Why Periodic Full Refreshes Are Important

There are a few reasons that you should still consider fully refreshing data. Some of them include:

  1. Historical Data Adjustments – Inserting or updating records in past periods can escape the Incremental Refresh criteria. A full refresh ensures that any backdated data is captured.
  2. Data Integrity – Full refreshes can act as a way to validate and ensure completeness of your data.
  3. Systematic Error Correction – On occasion computers mess up, connections drop, or whatever kind of voodoo that causes IT problems. A full refresh will mitigate these from becoming lasting issues in your dataset.

If you decide to implement a full refresh schedule, we recommend doing it on a regular basis that aligns with business needs. For example, accounting data could best be updated on a quarterly or annual basis after you’re sure that all periods are locked.

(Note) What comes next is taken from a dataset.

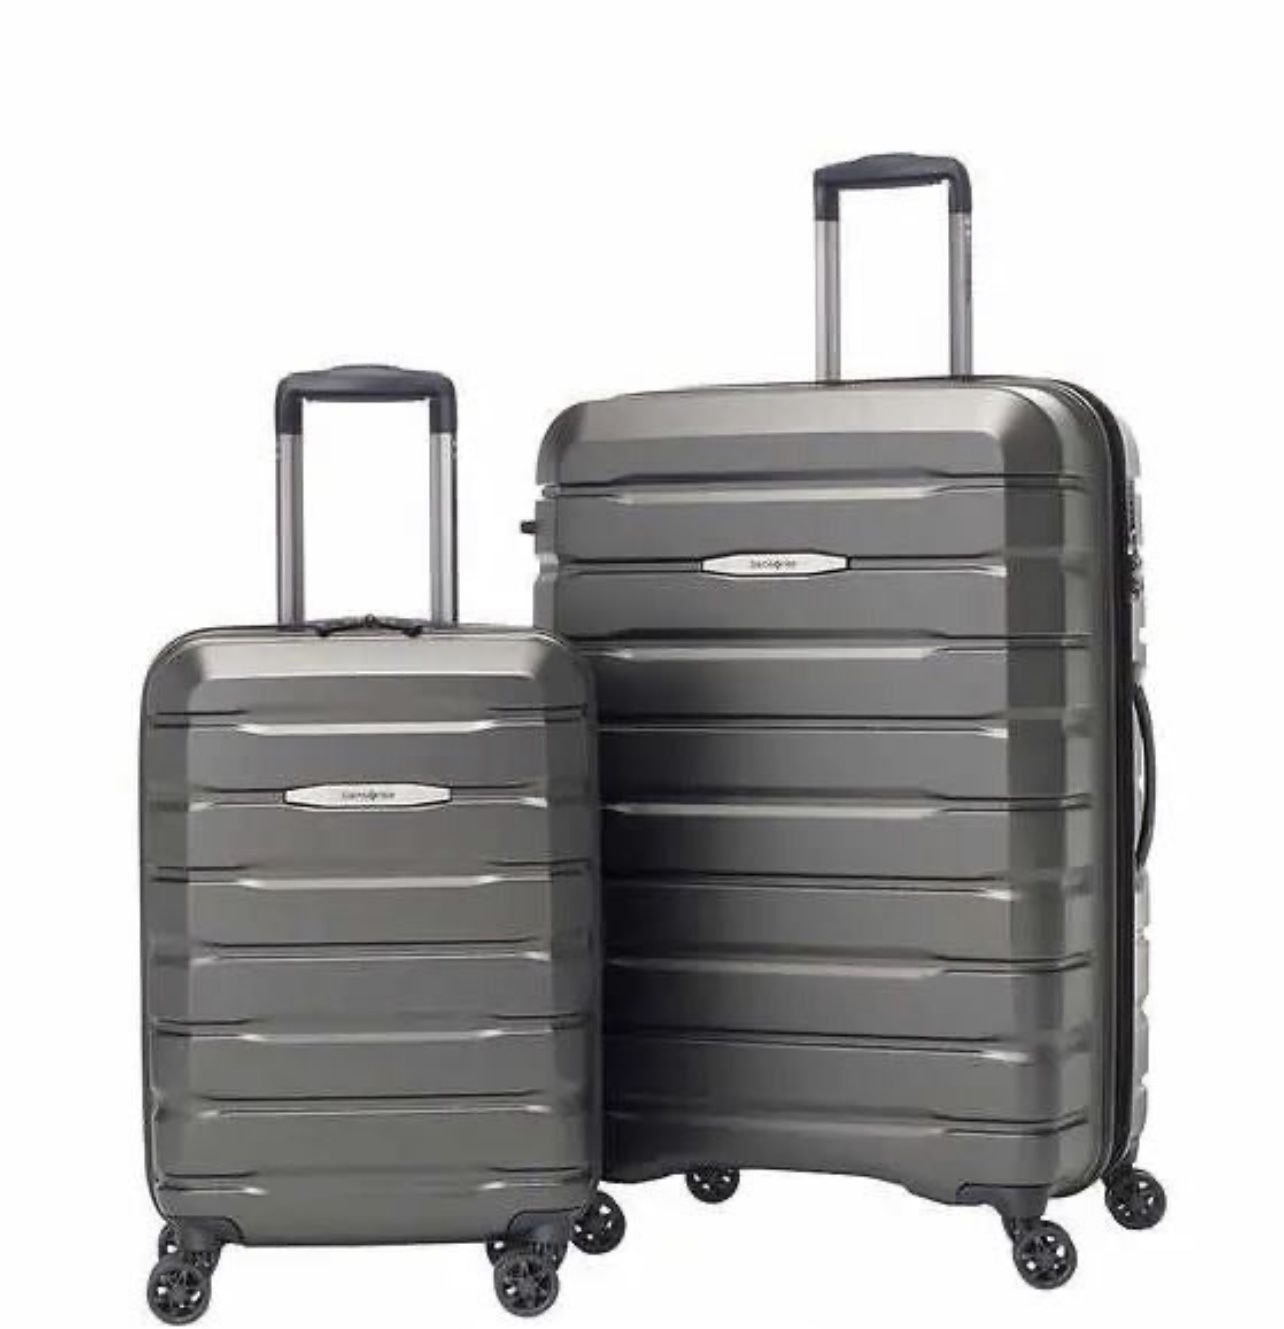 Samsonite Tech Two Hardside 2-piece Luggage Set

Note that as datasets grow in size, it can take a long time for full refreshes to occur. It may make sense to schedule them in off hours or manually set one off before you leave for the day.

Data Size Limits in Power BI Instances

Power BI developers should be aware that there are data size limitations to the Power BI Service and they vary based on which tier of licensing you have and which settings you have enabled. There are both dataset size limits along with workspace size limits. You can get around some individual data set size limits by splitting it into smaller datasets, or it may be beneficial to sign up for a Premium Per User license that supports much larger datasets.

To learn more, please reference Microsoft Licensing: Pricing & Product Comparison | Microsoft Power BI

and be aware that there are additional settings to working with files bigger than 10gb: Large datasets in Power BI Premium – Power BI | Microsoft Learn

If dataset sizes are consistently exceeding these, it’s recommended to look into a more robust large data storage solution, such as Microsoft One Lake.


Incremental refresh can be a huge time saver, and sometimes more importantly a money saver. Cloud data providers are notorious for sticking companies with exceptionally large bills when they don’t fully understand the cost structure of moving data around and paying for on demand compute power. These costs can partially be controlled by limiting the amount of data being transferred at any given point making incremental refresh a highly valuable part of your Power BI toolbox and should be considered a best practice for any large enterprise deployment.